To sum up, as illustrated in
Table 1, API calls and functions are the common sources that malware researchers have used to detect malware due to their effectiveness compared to other features. API-based features can be extracted from either dynamic or static analysis. The expected behavior can be extracted from API functions imported in the Import Address Table (IAT) of the PE samples in the static analysis. In contrast, the actual behavior, which is represented by the API call sequence, can be extracted from dynamic analysis. These two sources of features are not mutually exclusive in malware analysis. However, there is a lack of investigation into the correlation between the API calls extracted from static analysis and the API calls extracted from dynamic analysis. The absence of API calls during dynamic analysis and its presence in the static analysis may indicate obfuscated malware. Accordingly, the correlation between the API features extracted from the dynamic and static analysis can be used to improve the detection effectiveness of the existing malware solutions. Moreover, the absence of the API functions during static analysis and their presence during dynamic analysis may indicate evasive malware behavior. Accordingly, this study investigates the design of a model based on incorporating the correlation between dynamic- and static-analysis-extracted API sequences. The following sections detail the description of the proposed model.
3. The Proposed Model
As shown in
Figure 1, the proposed hybrid APIs-based malware detection model consists of seven phases as follows. The first phase is the API extraction from both dynamic and static analysis. The second stage involves the extraction of the API features us-ing n-gram techniques. The third phase is the feature representation, in which each textual API feature is represented by a numerical number based on the term frequency. The fourth phase is to select the important API features from both dynamic and static analysis. The fifth phase consists of building dynamic and static API-based classifiers. The sixth phase consists of computing the cosine similarity between the static and dynamic analysis feature vectors. Finally, the seventh stage is to construct the hybrid-based malware detection classifier. A detailed description of each phase is given in the following subsections.
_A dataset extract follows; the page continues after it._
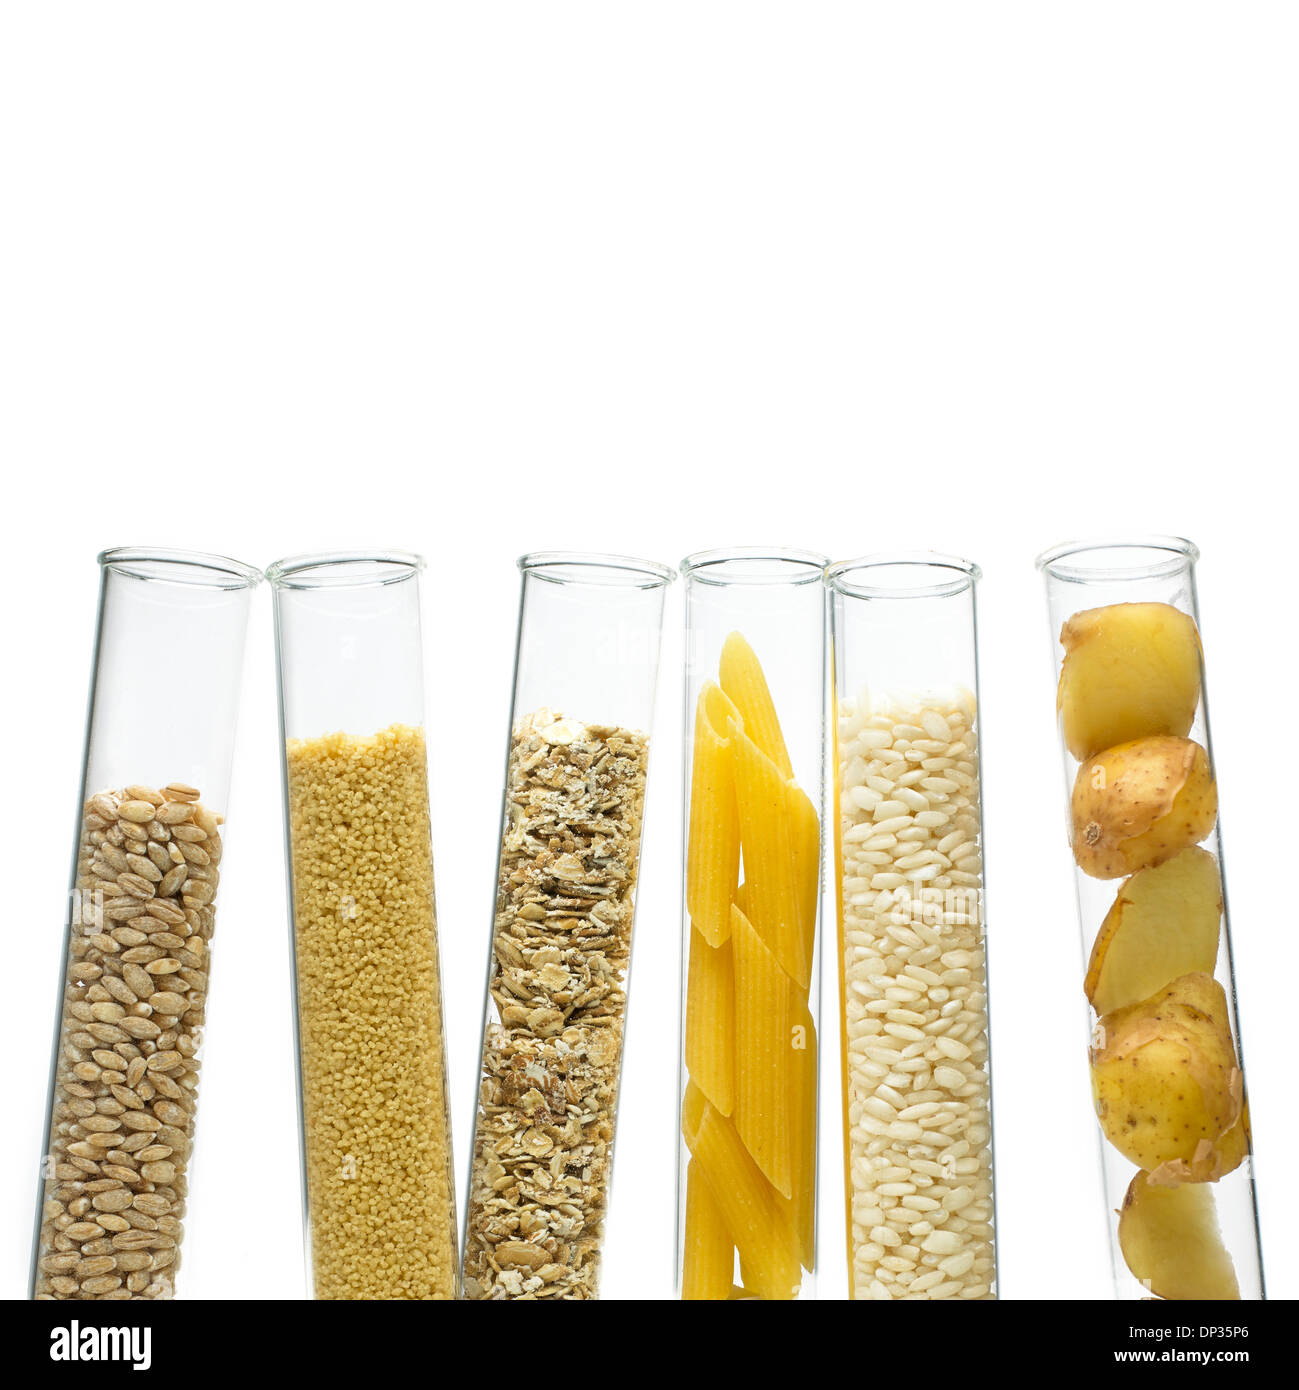 Grains and carbohydrates in test tubes Stock Photo

3.1. Feature Acquisition Phase
In this phase, two types of features were extracted: static and dynamic features. The static features were extracted from the import table field in the header of the portable executable file. The import table of the portable executable file contains the API functions that the malware calls when the malware is executed. The second type of feature is the API calls features which are extracted from the dynamic analysis. In dynamic analysis, a malware file is executed in an isolated environment called a malware sandbox, such as a cuckoo sandbox. In the sandbox, a code is injected into the virtual space of the malware process to intercept API calls in a process called the hooking procedure. In the hooking procedure, the API calls are logged and thus used to represent the malware behavior. The extracted API functions can be categorized into five groups: process, memory, files, registry, and network. These functions can represent the subject’s behavior from different angles. Consequently, API calls are commonly used features in dynamic analysis. Because process hooking degrades the system’s performance, the most frequent APIs are usually logged. Because of this, static API calls will work as a complement to dynamic APIs.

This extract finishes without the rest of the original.